Kegembiraannya menjadi seorang penulis berumur pendek. Ada lautan buku yang ditulis dengan baik di sekelilingnya, membuatnya fokus pada kelemahannya. Dia tidak bisa memikirkan cara untuk bersaing. Selama masa hidupnya itulah Yun Woo muncul. Tulisannya penuh warna dan indah. Hampir terasa seperti bukunya adalah satu-satunya buku yang ada di bawah matahari. Bukunya berada pada tingkat yang berbeda, dan kontrasnya agak mencolok. Meskipun jauh lebih muda, Yun Woo jauh lebih terampil sebagai penulis daripada sebelumnya. Seorang anak telah melampaui dia. Dia telah mencapai batasnya dan dia tidak bisa melanjutkan lebih lama lagi. Dia kehilangan keinginan untuk bertarung.
“Saya kehilangan kesadaran saya tentang lingkungan saya sejak lama.”
Dia telah mengalihkan pandangannya dari dirinya sendiri. Untuk menghindari bau busuknya sendiri, dia menahan napas. Dunia telah menjadi lebih kecil dan lebih kecil. Masuk akal bahwa dia tidak bisa terus menulis. Dia telah menyerah dan meraih alasan apa pun yang bisa dia pegang dan tutupi dengannya. Namun…
“Aku masih tidak bisa bersembunyi darimu. Kamu terlalu besar dan berkilau.” Dia berhenti, “Tetapi ketika saya melihat Anda di sini … Anda sedang menulis di tempat yang sama di mana saya menyerahkan semuanya. Itu sebabnya saya melakukannya. ”
Dia melihat dirinya di cermin. Matanya tertutup oleh rambut lebatnya. Dia datang untuk mengunjungi gurunya dalam penampilan yang tidak rapi itu. Dia merasa sengsara, dan tidak ada yang membuatnya seperti itu kecuali dirinya sendiri.
“Maafkan saya…
“… Nyonya Baek.”
Yun Seo berdiri diam di dekat pintu. Dia mengenali kehadirannya dari bau daging panggang yang memabukkan. Setelah mengaku, dia menundukkan kepalanya.
Berdiri di samping Yun Seo, Geun Woo menambahkan, “Joon Soo dan saya berjuang dengan buku kami yang tidak terjual. Joon Soo memberikan kuliah bahkan pada saat ini. Aku bahkan membuang naskahku, tapi kau tahu? Kami tidak pernah mencoba mencuri milik orang lain dan mengoceh tentang situasi kami. Kami tetap ingin menjadi penulis, meskipun itu berarti buku kami tidak laku. Kami mungkin tidak populer, tapi kami tetap penulis.”
“… Kamu benar. Saya baru saja bersembunyi di balik judul ‘penulis.’”
Dia hanya tidak jujur tentang keputusannya untuk menyerah. Dia menatap Yun Woo dan menyadari orang yang memantulkan matanya yang jernih itu. Yun Woo tidak mengkritiknya. Pria itu tidak melihat dirinya di mata itu. Yun Woo bahkan tidak memikirkan orang seperti dia. ‘Apa yang telah saya lakukan?’ pria itu telah terhubung kembali dengan kenyataan.
“Maafkan aku,” katanya dengan suara serak. Dia meminta maaf di depan gurunya, sesama penulis, dan Yun Woo.

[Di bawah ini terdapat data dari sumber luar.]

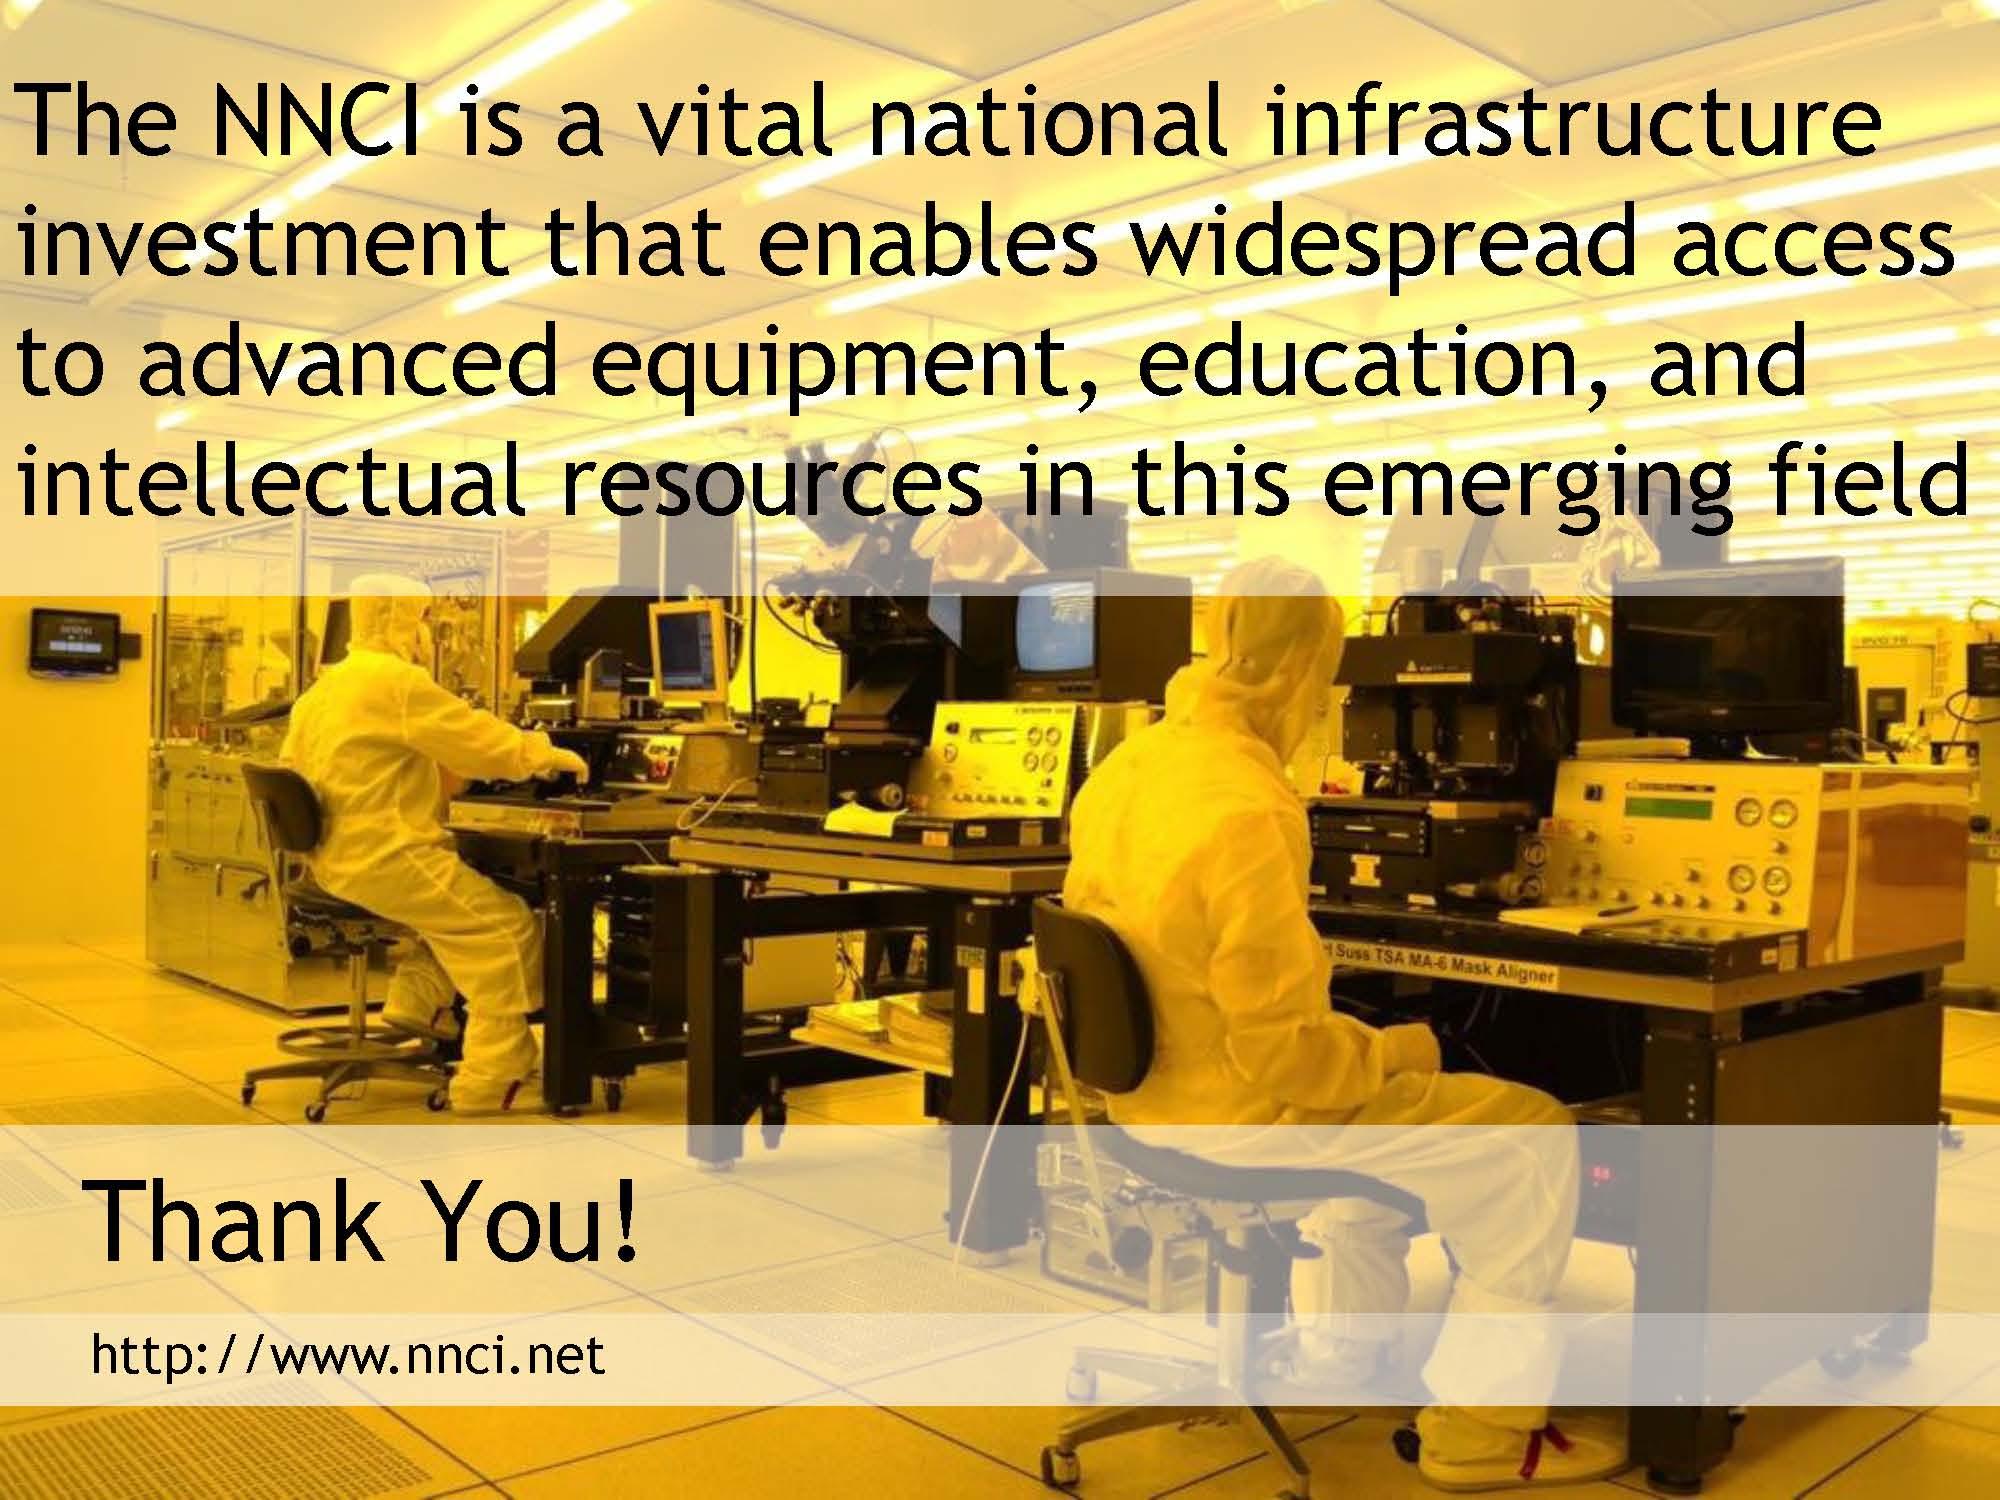 NSF 2017 NanoscienceGrantees Conf - NNCI presentation by Mark Allen_Page_20.jpg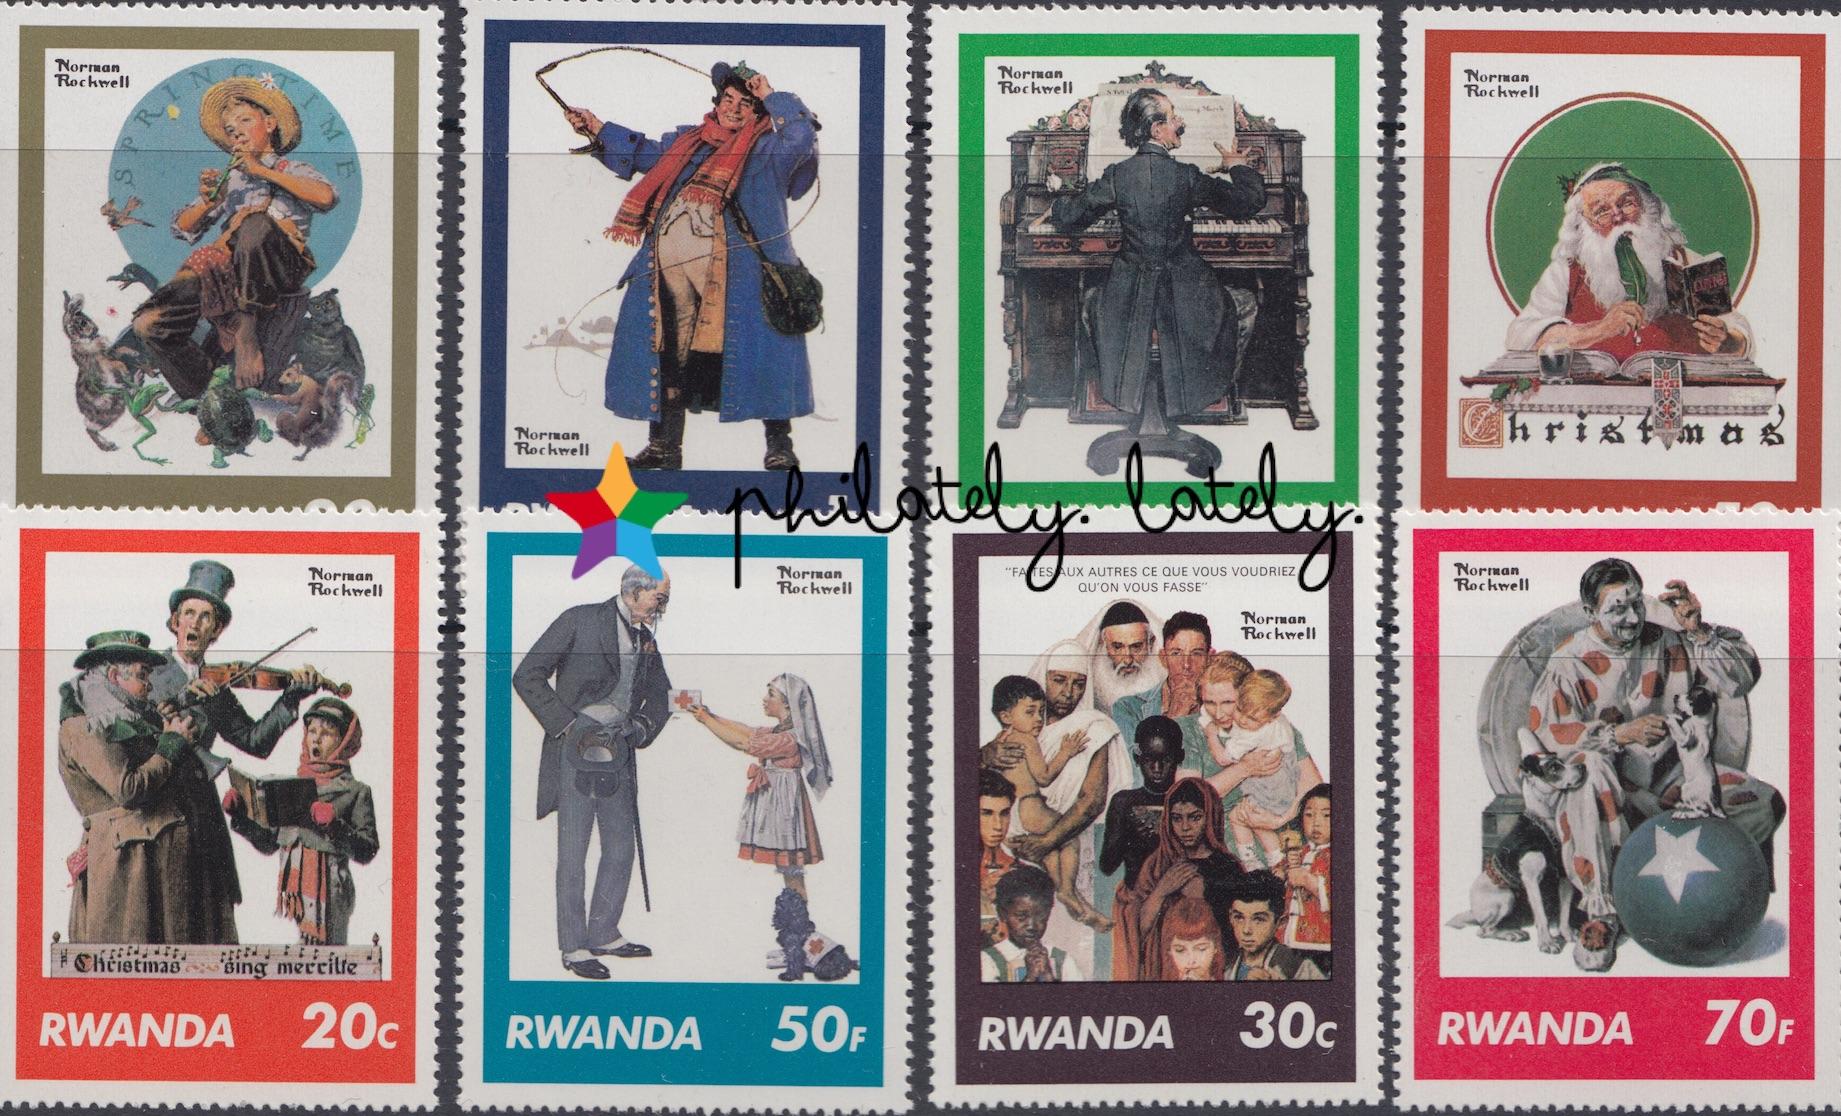 001_NORMAN_ROCKWELL_STAMPS_RWANDA

“… Maafkan aku,” suaranya bergetar.
Juho adalah satu-satunya yang berdiri dengan bahu terbuka lebar.
“Tidak apa-apa. Kamu tidak perlu khawatir tentang membayar saya kembali, ”kata Juho ringan. Dia tidak berniat untuk meledakkan hal-hal di luar proporsi. Selain itu, dia berhasil mendapatkan sesuatu dari pengalamannya: mereka yang mengambil dari orang lain. Perang. Kematian. Tuhan. Bentuk narator mulai terbentuk secara perlahan.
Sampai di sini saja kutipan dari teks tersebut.